Yes, if $m$ generates $M$, it is a basis for $M$, if $R$ is commutative .
Proof
Let $b$ be a basis of $M$, so that in particular $Ann(b)=0$.
Since $m$ generates $M$ we can write $b=rm$ for some $r\in R$.
On the other hand we can write $m=sb$ for some $s\in R$ since $b$, a basis, certainly generates $M$.
So we have $b=rm=rsb$, hence $(1-rs)b=0$ and thus $1-rs=0$ because $Ann(b)=0$.
We see that $r,s\in R^*$ are invertible and since $m=sb$ and $b$ is a basis, $m$ is a basis too.
Edit
I have used that a basis of a non-zero cyclic free module has just one element.
Since Isaac asks why in a comment, I'll give a proof.
I claim that if $g$ is a generator of $M$, any two elements on $M$ are linearly dependent (still assuming $R$ commutative !)
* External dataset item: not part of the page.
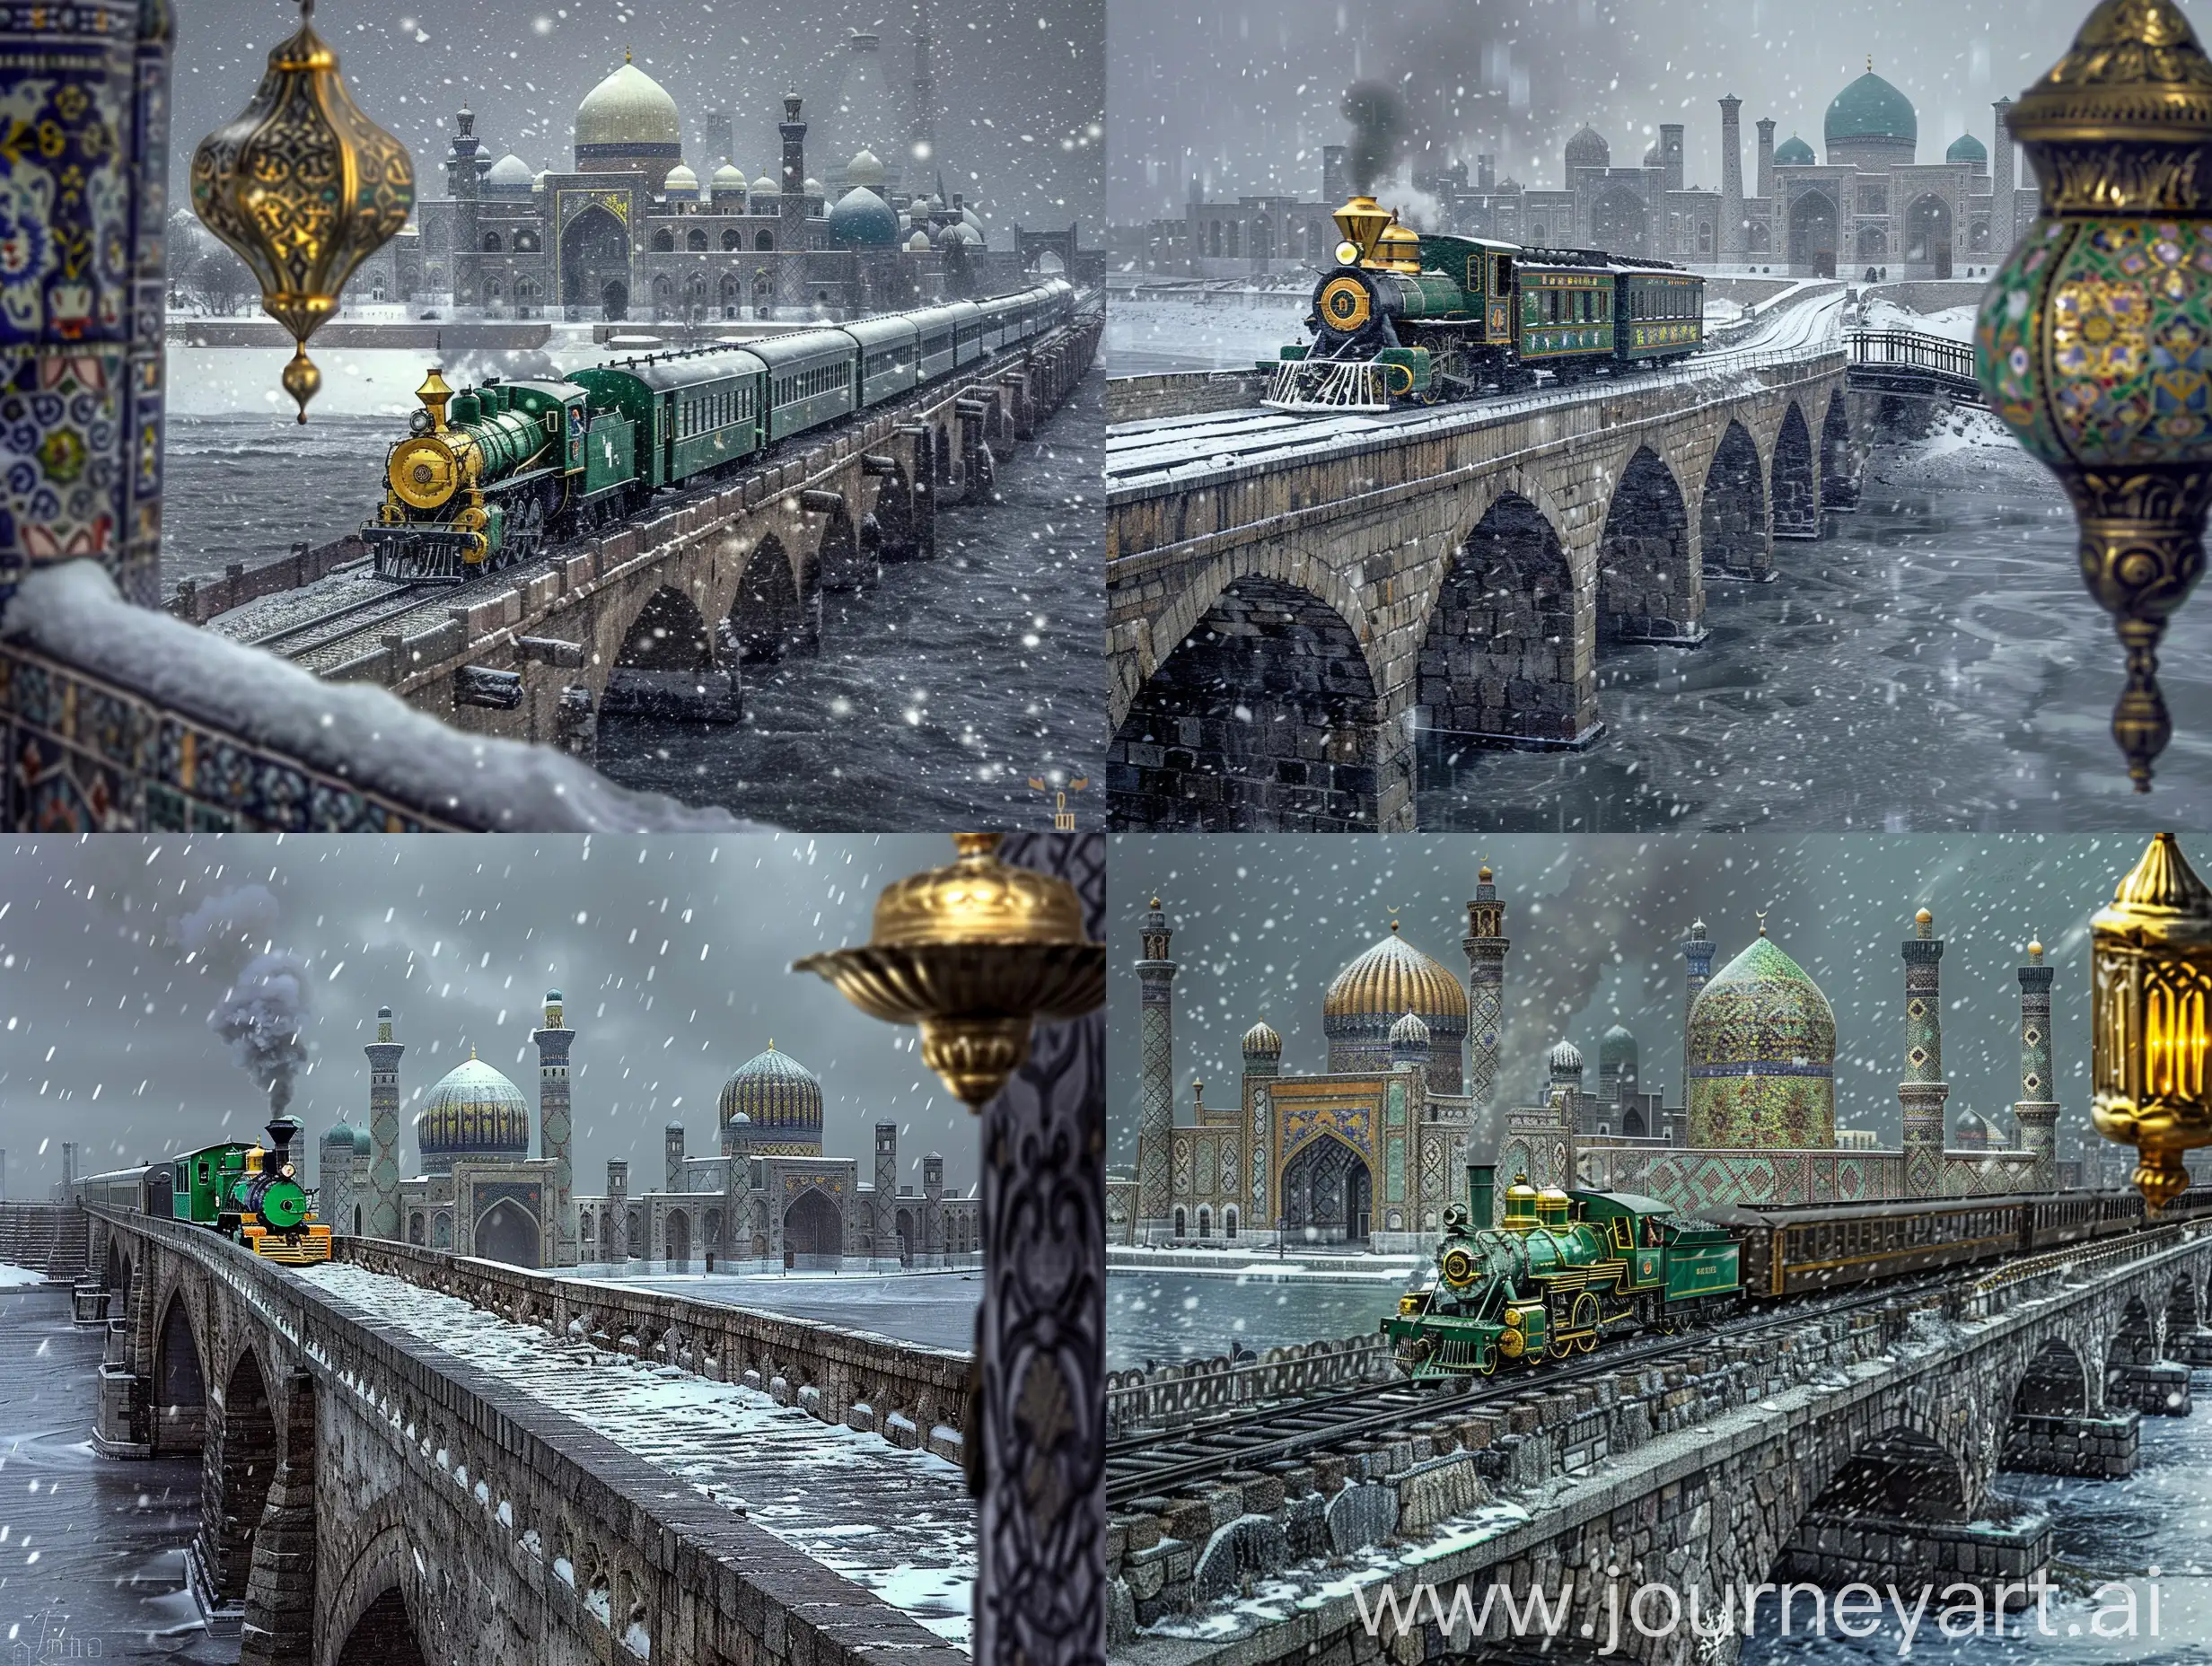 Dramatic-Snowfall-in-a-Persian-Tiled-Seafront-City-with-a-Moving-Steam-Engine-Train

Indeed, if $u=ag$ and $v=bg$ are arbitrary in $M$, we have a linear relation $bu-av=0$ and either this is a nontrivial linear relation and $u,v$ are linearly dependent or $a=b=0$ and then $u=v=0$ are certainly linearly dependent in that case too.
Important new edit
I had assumed in my proof that $R$ is commutative without saying so. I have now made this assumption explicit: all my apologies to all and thanks to Mariano for calling my attention to this point.